_Activity_:
Pictures stay out of the copy; set down each line of the listing below exactly.

_Provided material_:

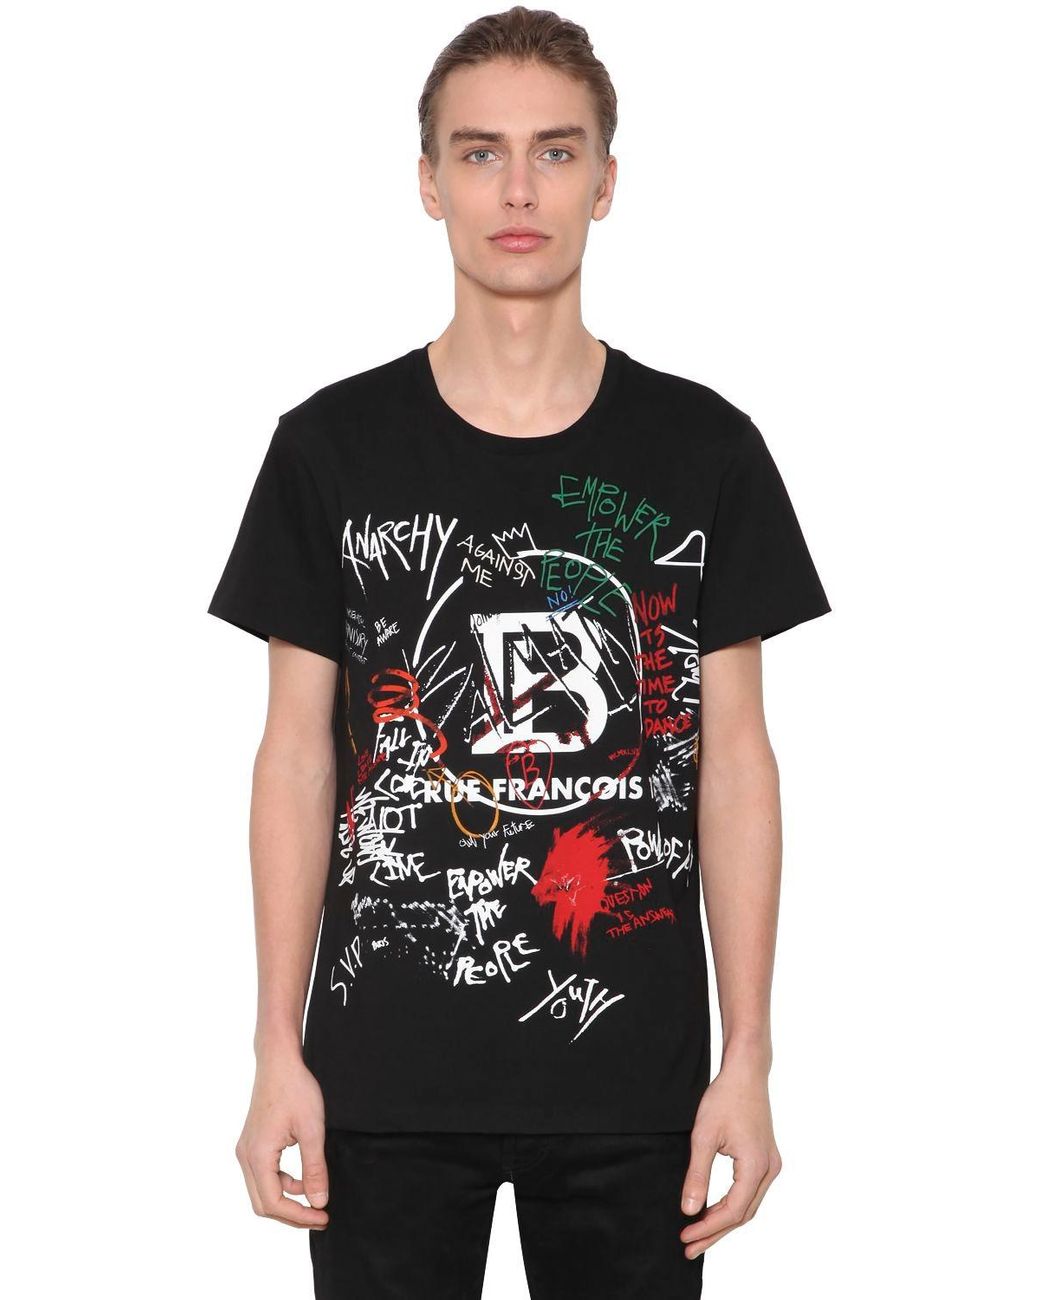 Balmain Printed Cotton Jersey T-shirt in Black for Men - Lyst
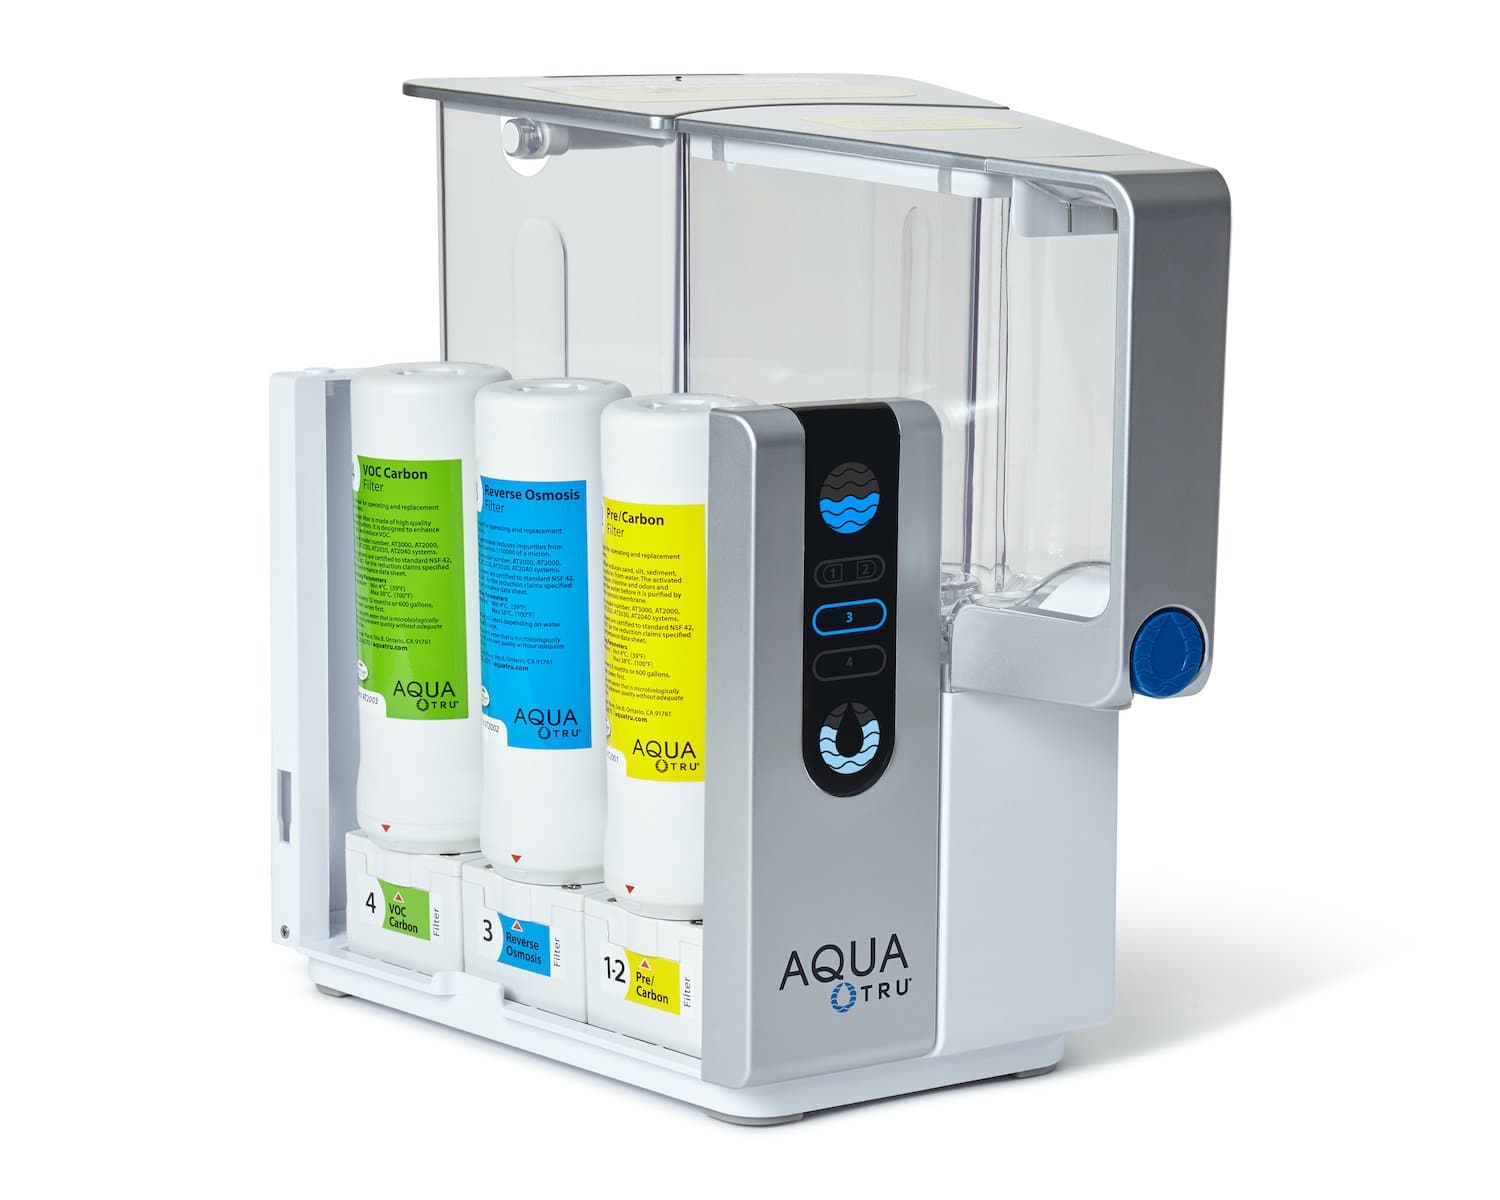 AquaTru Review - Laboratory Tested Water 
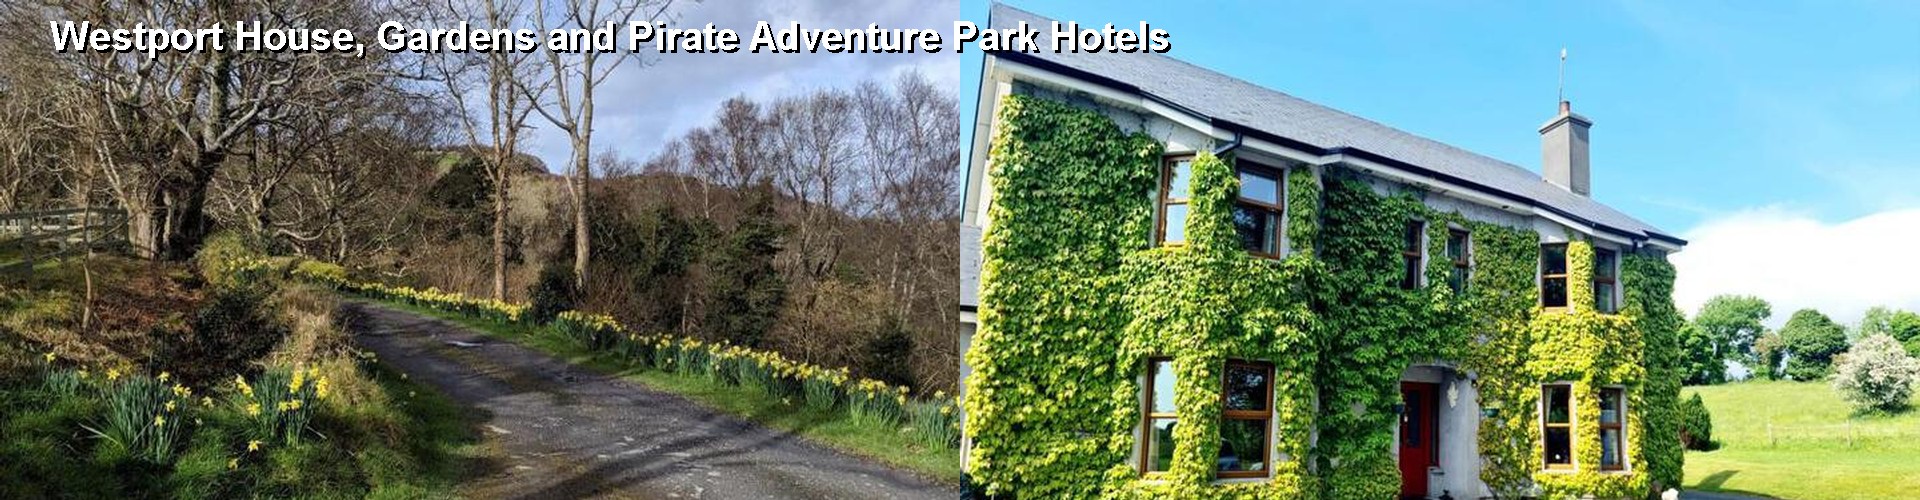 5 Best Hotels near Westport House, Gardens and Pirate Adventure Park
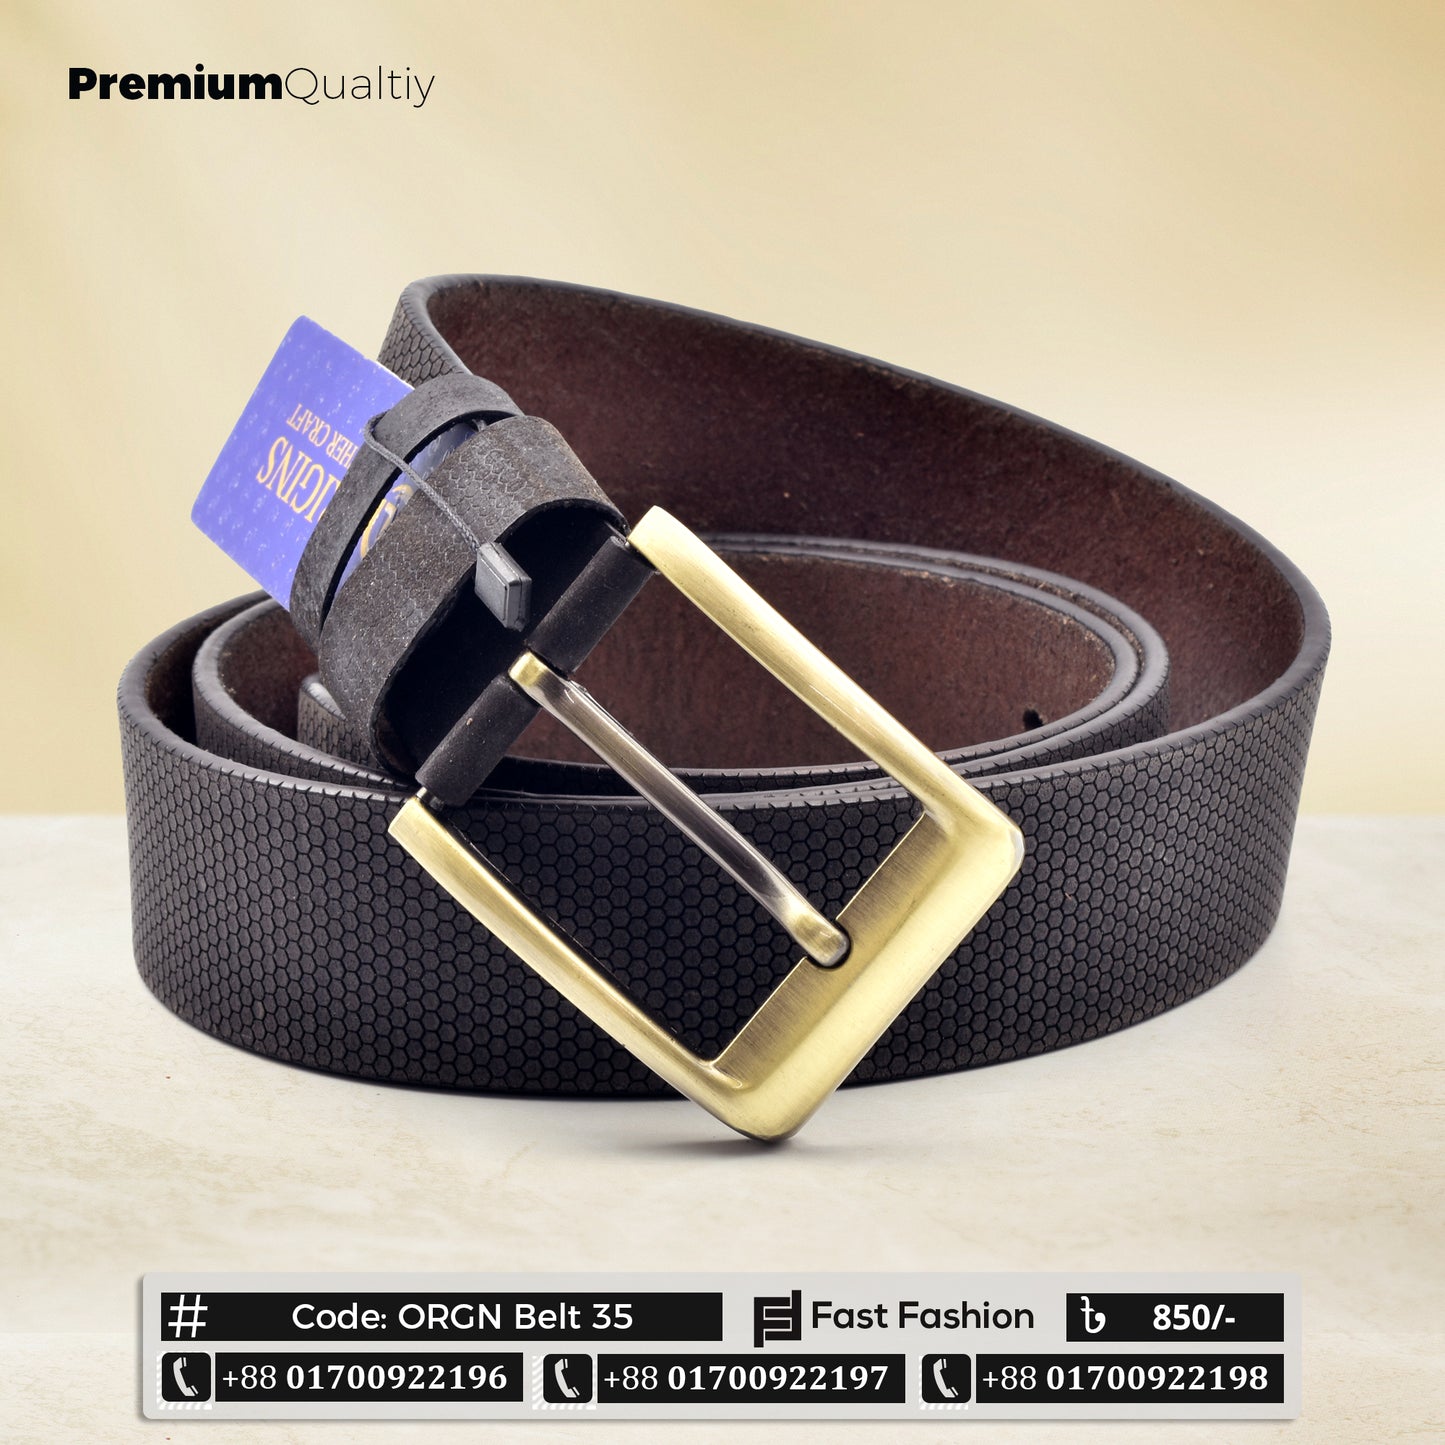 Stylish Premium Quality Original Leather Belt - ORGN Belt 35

_Reply to the task_:
 Balmain Printed Cotton Jersey T-shirt in Black for Men - Lyst
 AquaTru Review - Laboratory Tested Water 
 5 Best Hotels near Westport House, Gardens and Pirate Adventure Park
 Stylish Premium Quality Original Leather Belt - ORGN Belt 35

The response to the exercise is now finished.